Super Snow Moon Will Be ‘Biggest And Brightest Of 2019’


Super Snow Moon
The astronomers among you – or just those who are curious when it comes to rare events in our skies – may be interested to know about the ‘super snow moon’ which is on its way.



After last month’s lunar eclipse, the super snow moon will be the next phenomenon we’ll be treated to – the first thing it makes me think is that snow will be on the way.




If you take a few minutes out of your evening on February 19 to look up at the night sky, you should see a full moon – but not just any ordinary full moon.





This full moon will be the biggest and brightest of the year. If you’re wondering why, then let me fill you in. Quite simply, it’s because the moon’s orbit will be at its closest to Earth – approximately 356,800km, which equates to 221,700 miles, according to NASA. That’s like driving to Spain and back – from England – around 70 times.




It also means it’ll be the second supermoon in a row, following the ‘super blood wolf moon‘, which graced our skies January 21.





If you’re wondering where the super snow moon gets its name from, I’ll tell you.




Sometimes referred to as the ‘hunger moon’, February’s full moon gets this name because it’s this month where we often see the heaviest of snow fall, reports the Independent. Looks like I was right then!




It also comes at the end of winter, when traditionally, food was scarce.




Super moon
The moon will reach its closest point to our planet – referred to as its perigee – at around 9am in the UK. However, we should see it at its fullest in the afternoon, at around 3:53pm.




So, compared to our full moons which are at their furthest point away from Earth, this one will appear 14 per cent larger, and 30 per cent brighter. The ones furthest away are called ‘micromoons’, remember that one next time you’re taking part in a pub quiz or something. You can thank me later.




While we’re on the subject of moons with weird names, check this one out.
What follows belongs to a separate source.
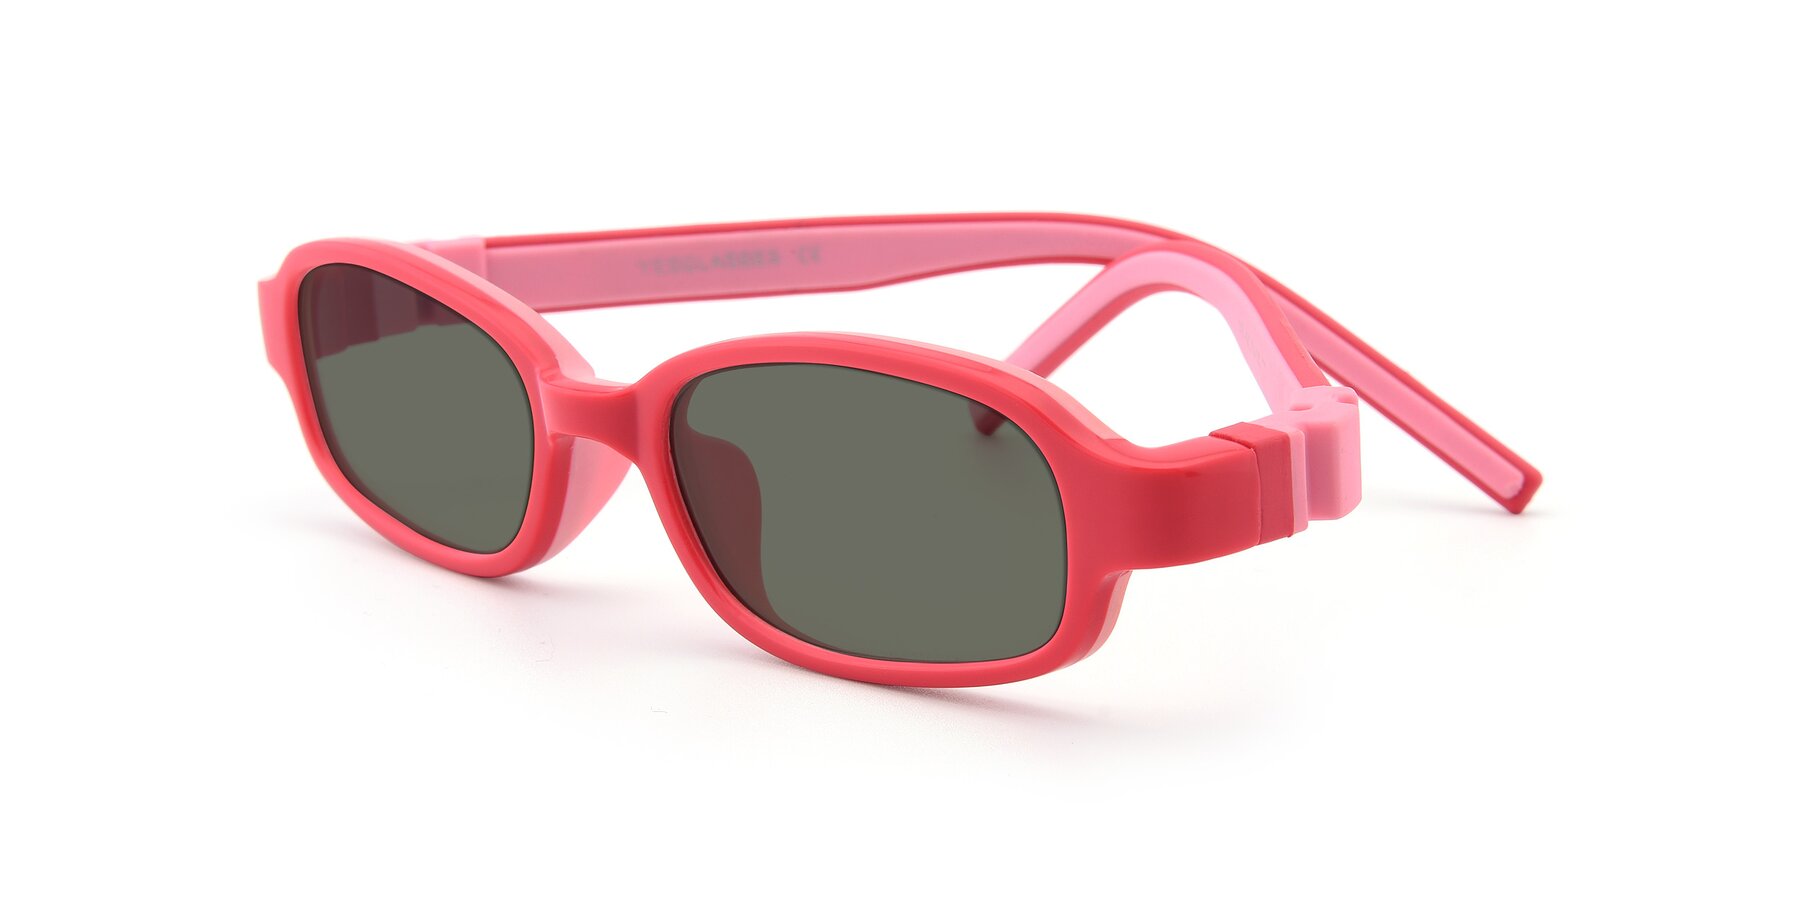 Angle of 515 in Red-Pink with Gray Polarized Lenses

The ‘Full Worm Moon’ will be the next to make an appearance, which will show its face in the UK on March 21. A way of welcoming in the season of spring.






Remember that time we had a solar eclipse and had to wear those weird little glasses, while being told not to directly look at the sun?




Yeah well this isn’t it, we’re talking about moons remember, but a partial lunar eclipse will be coming in July, with the next full lunar eclipse coming in 2021. Can’t wait for that one.




Anyway, happy sky gazing if that’s what floats your boat.